Сколько стоит корона (СИ) - Коновалова Екатерина Сергеевна. Страница 64
Укороченные штаны крайне старательно указывали на тот факт, что колени находятся на разном уровне, причем правое несколько увеличено в сравнении с левым. Зеленые вставки весьма гармонично расположились на плечах, явственно подчеркивая их различие по величине, а ряд мелких пуговиц на груди был как будто создан для того, чтобы лучше обозначить его вечную сгорбленность. На фоне этого глупый венец из золотых листьев клевера практически ничего не значил -- в отличие от глубоко запавших щек и темных кругов вокруг глаз: в зеркале Дойл видел все последствия собственной постоянной занятости и нехватки сна.
Даже Джилу не хватило духу сказать, что он хорошо выглядит. Дойл спросил вслух, обращаясь скорее к самому себе, чем к слуге:
-- Прикинем вероятность того, что она сбежит из святейшего дома? Я ставлю десять к одному.
-- Милорд, все не так плохо, -- пробормотал Джил. -- Это просто костюм, и... -- он не закончил, а Дойл с тяжелым стоном отвернулся и снял венец с головы.
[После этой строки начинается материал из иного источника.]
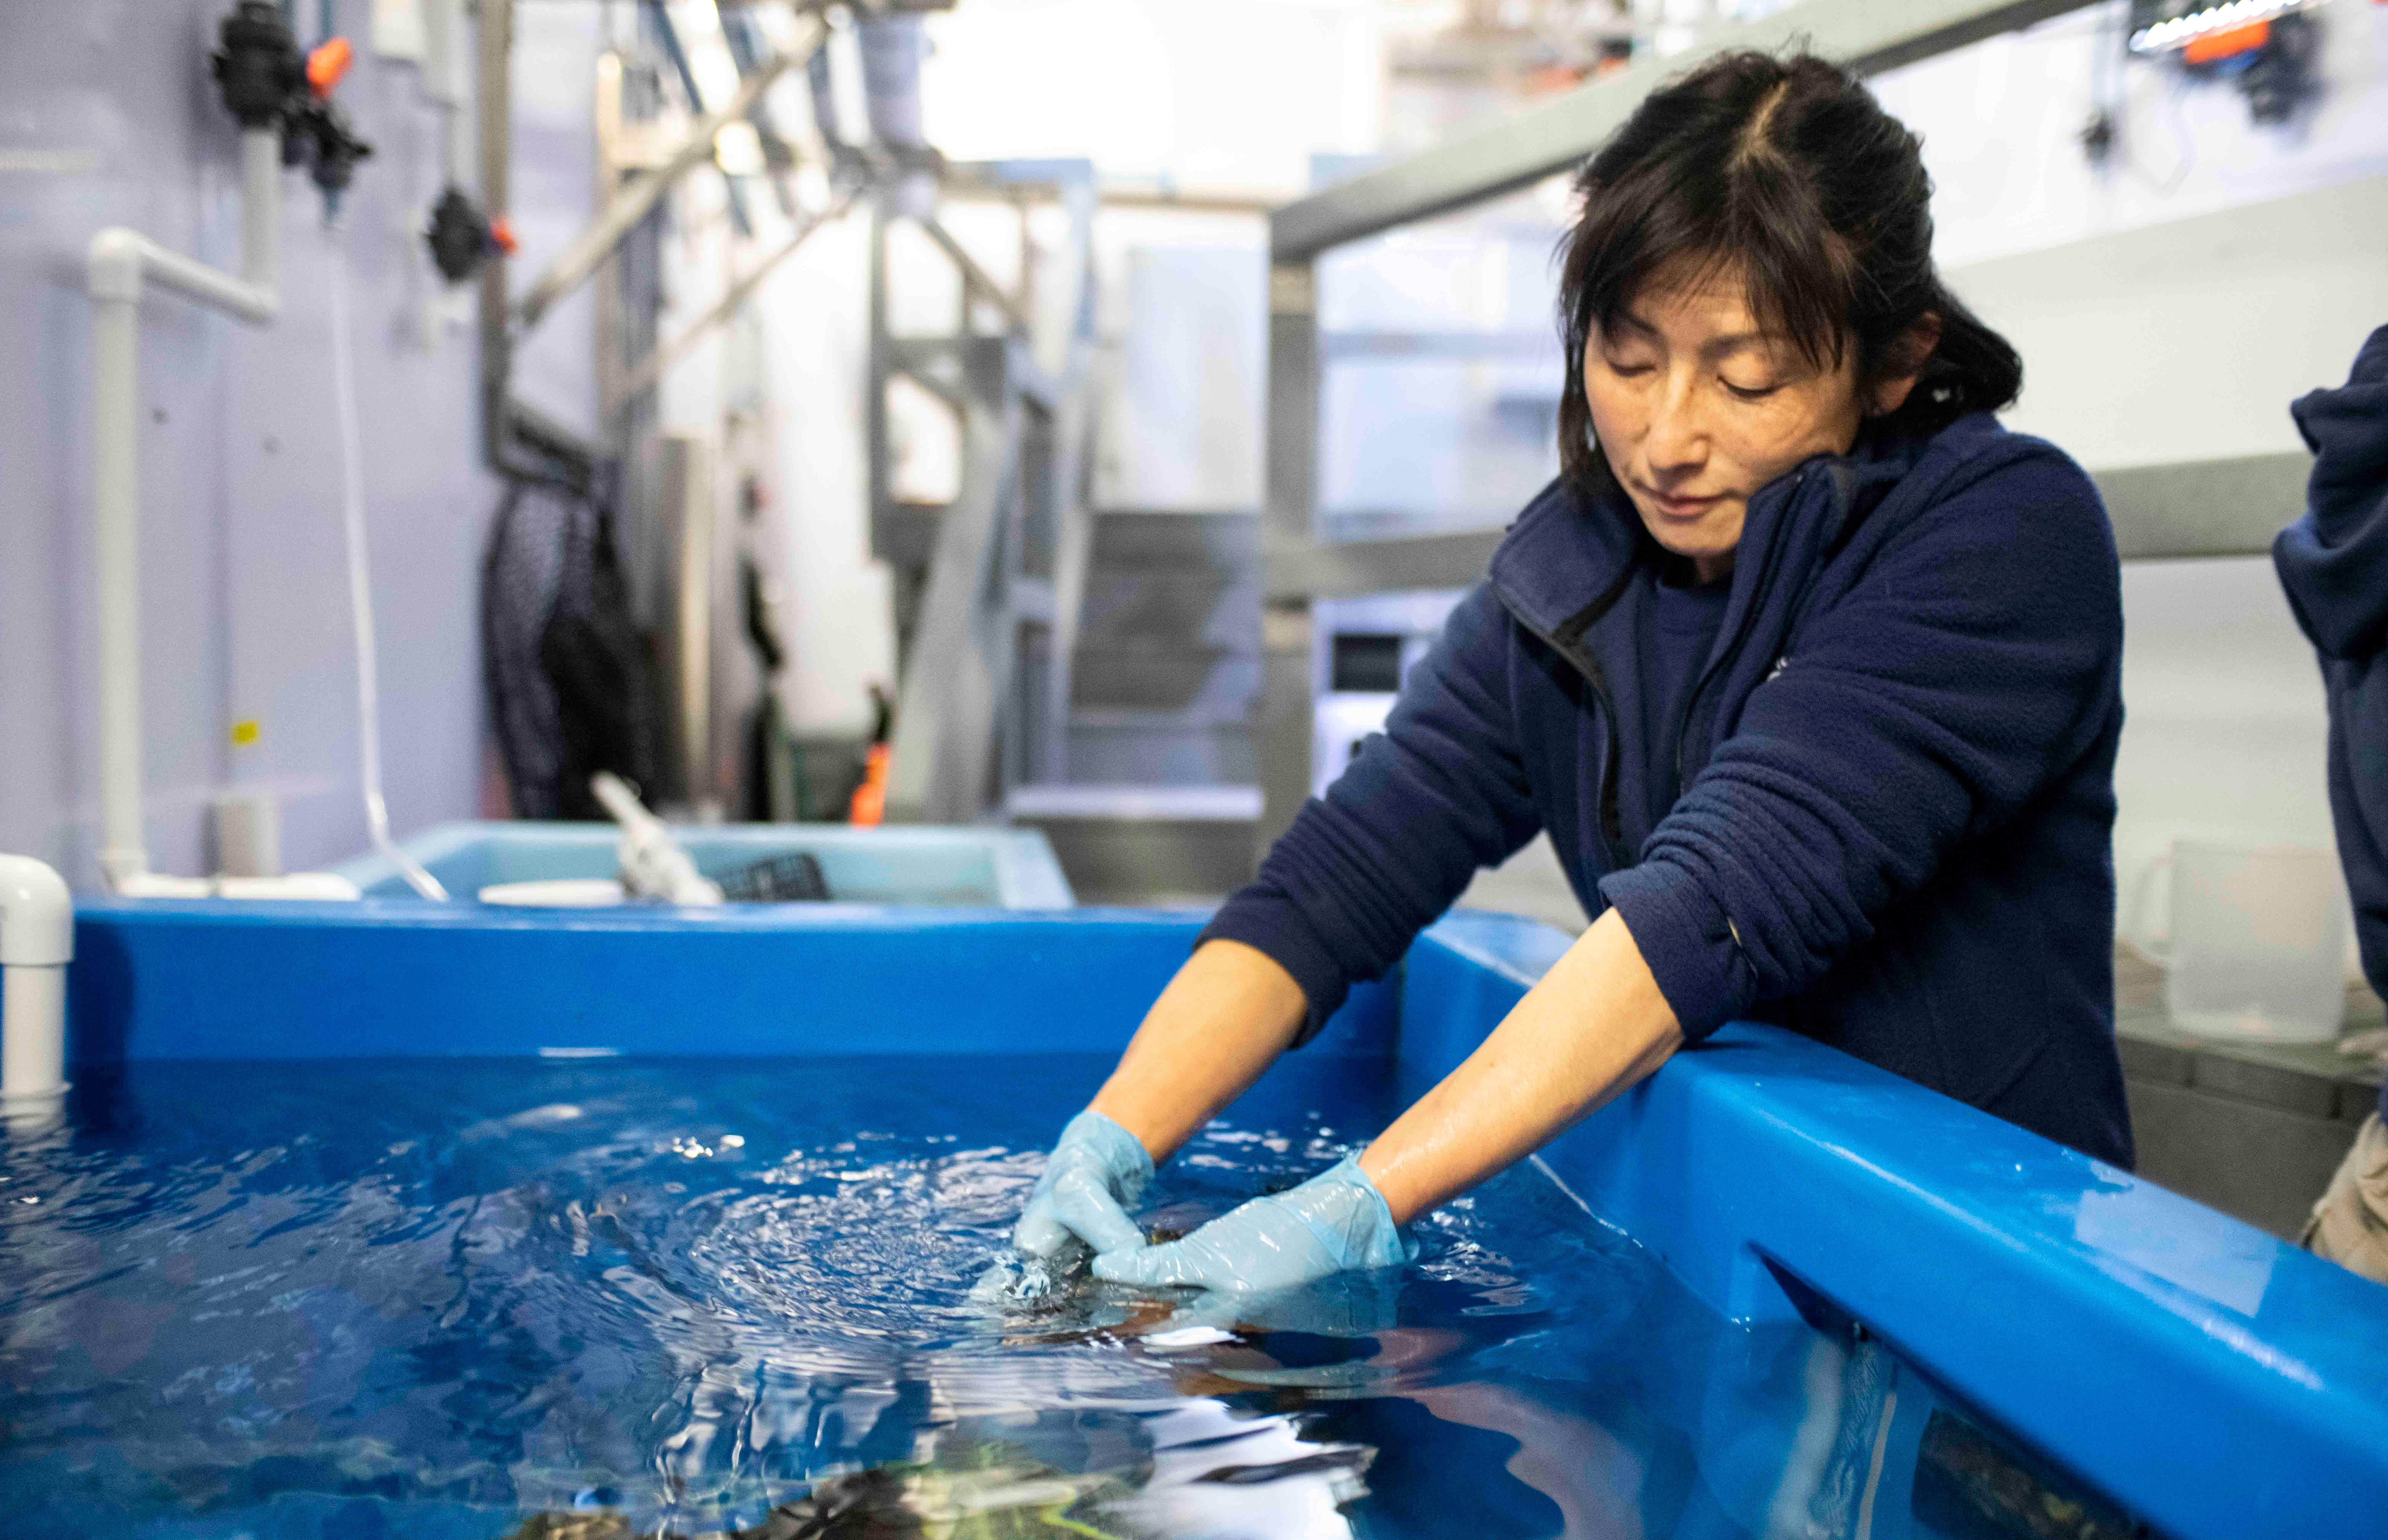 aquarist holding fish in tank
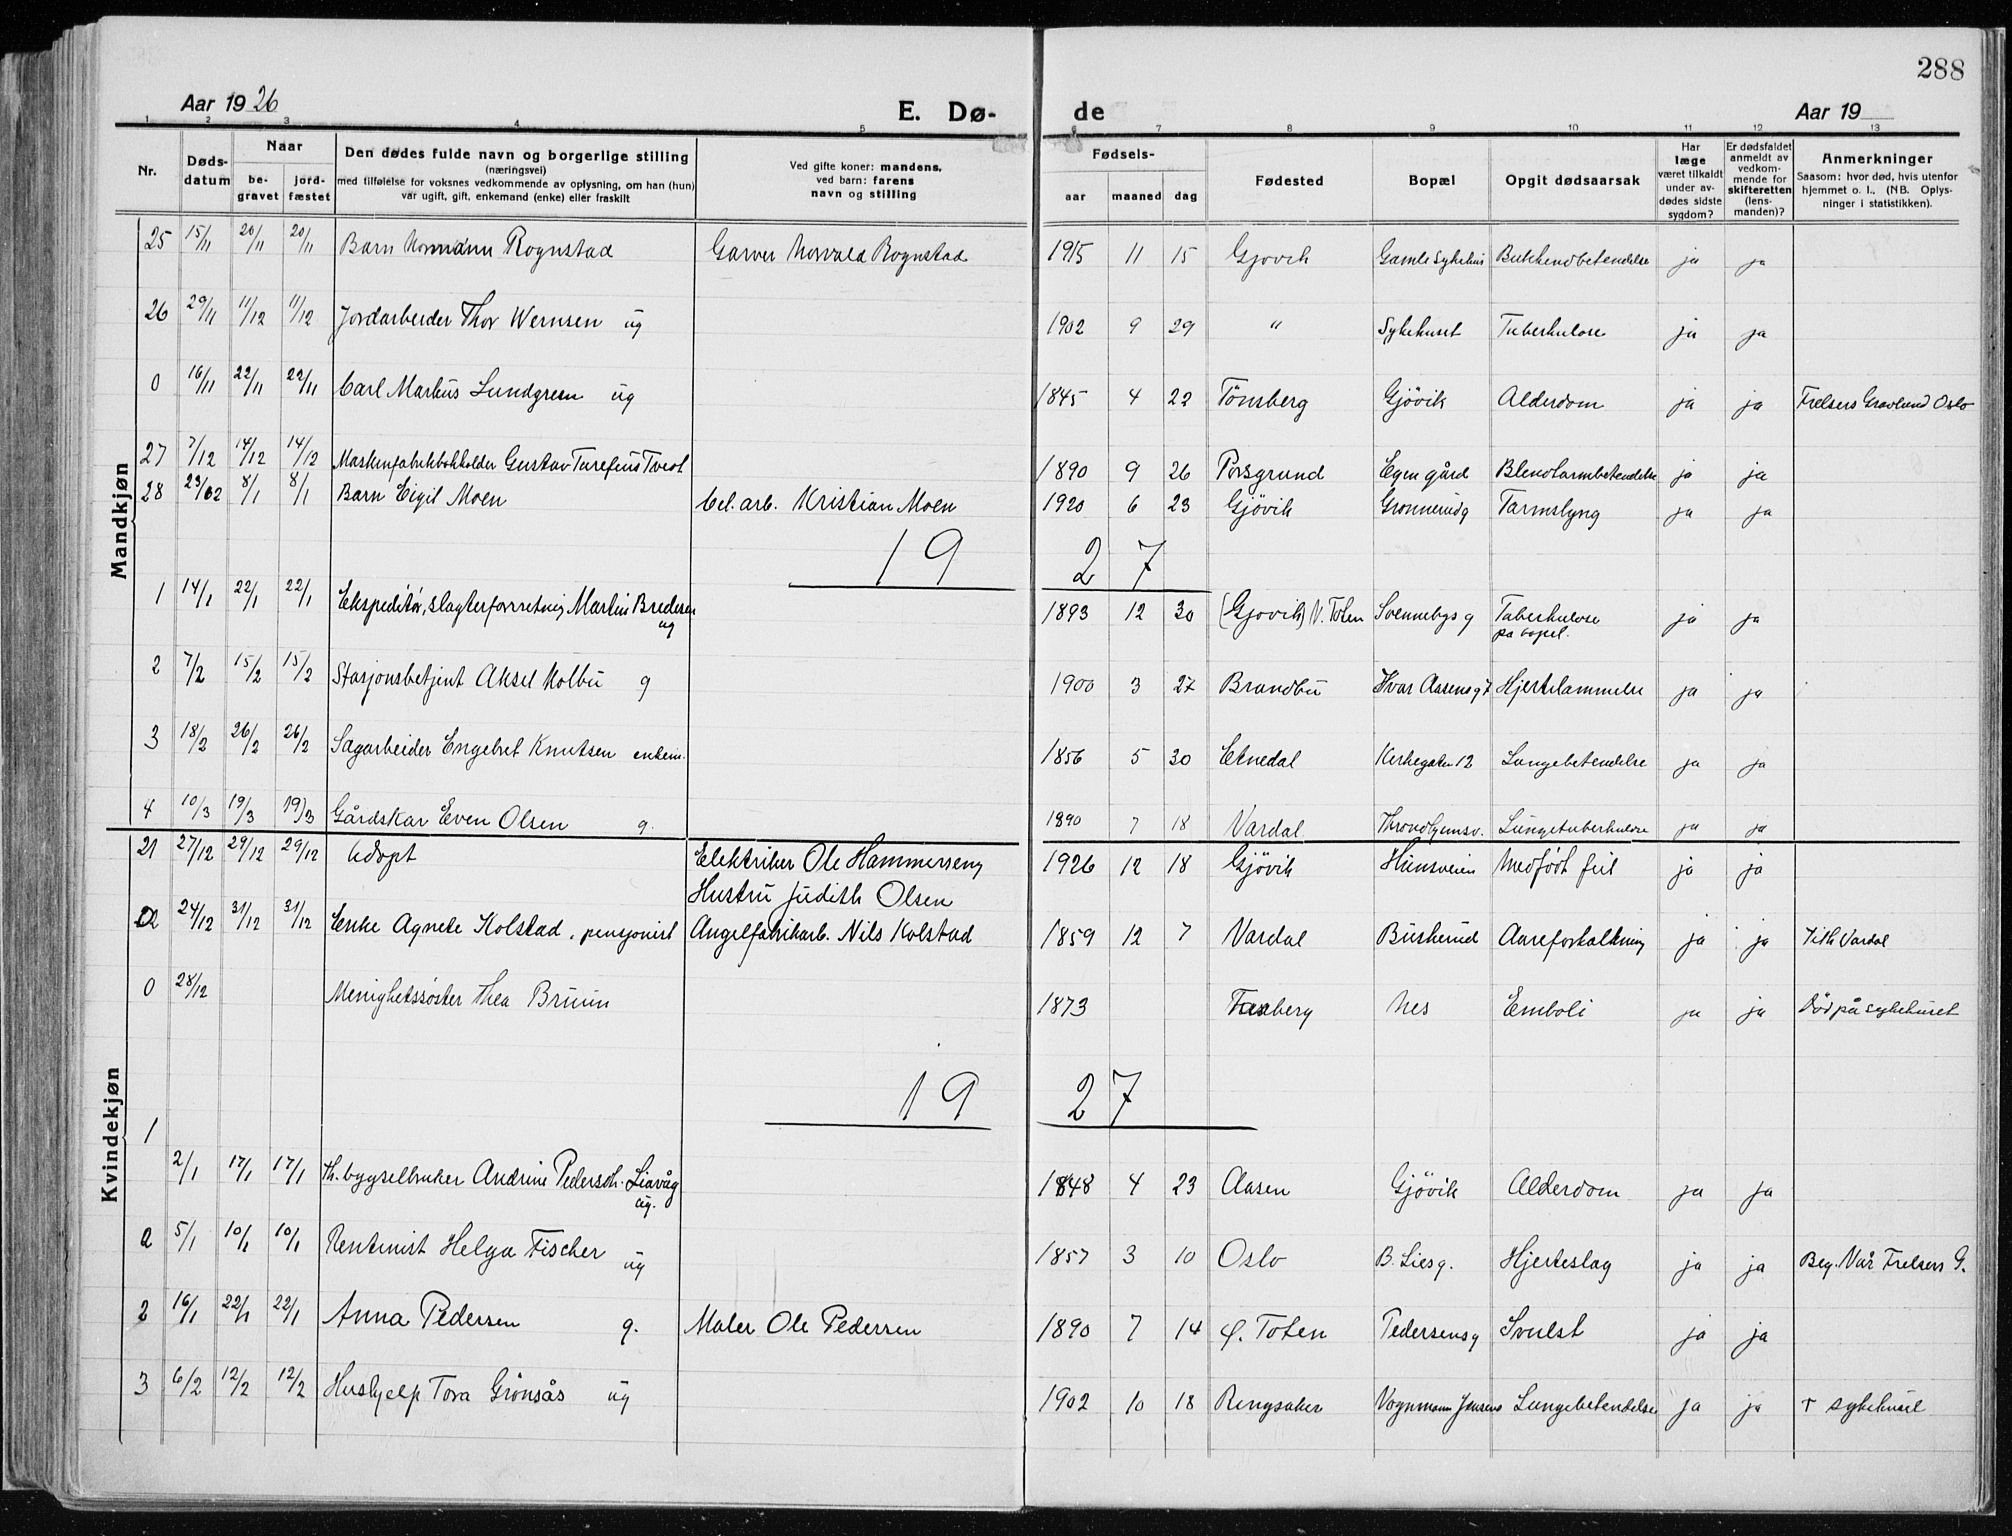 SAH, Vardal prestekontor, H/Ha/Haa/L0015: Ministerialbok nr. 15, 1923-1937, s. 288

Эйрих задумал отличное представление, только забыл, что главную роль в нем исполнит не сияющий принц, а горбатый урод. Это будет балаган похлеще ярмарочного. Это будет смешно.
Венец стукнулся об пол, прокрутился и закатился под кровать, Джил дернулся -- но был остановлен властным жестом и коротким:
-- Не тронь.
Пусть валяется там, в темноте и пыли, и там же следует похоронить бредовые, пьяные мысли о счастье с любимой женщиной. Только не ему, Тордену Дойлу, милорду-страшилищу, посягать на красоту. Не ему касаться своими кривыми руками нежного тела леди Харроу, не ему осквернять ее своим дыханием.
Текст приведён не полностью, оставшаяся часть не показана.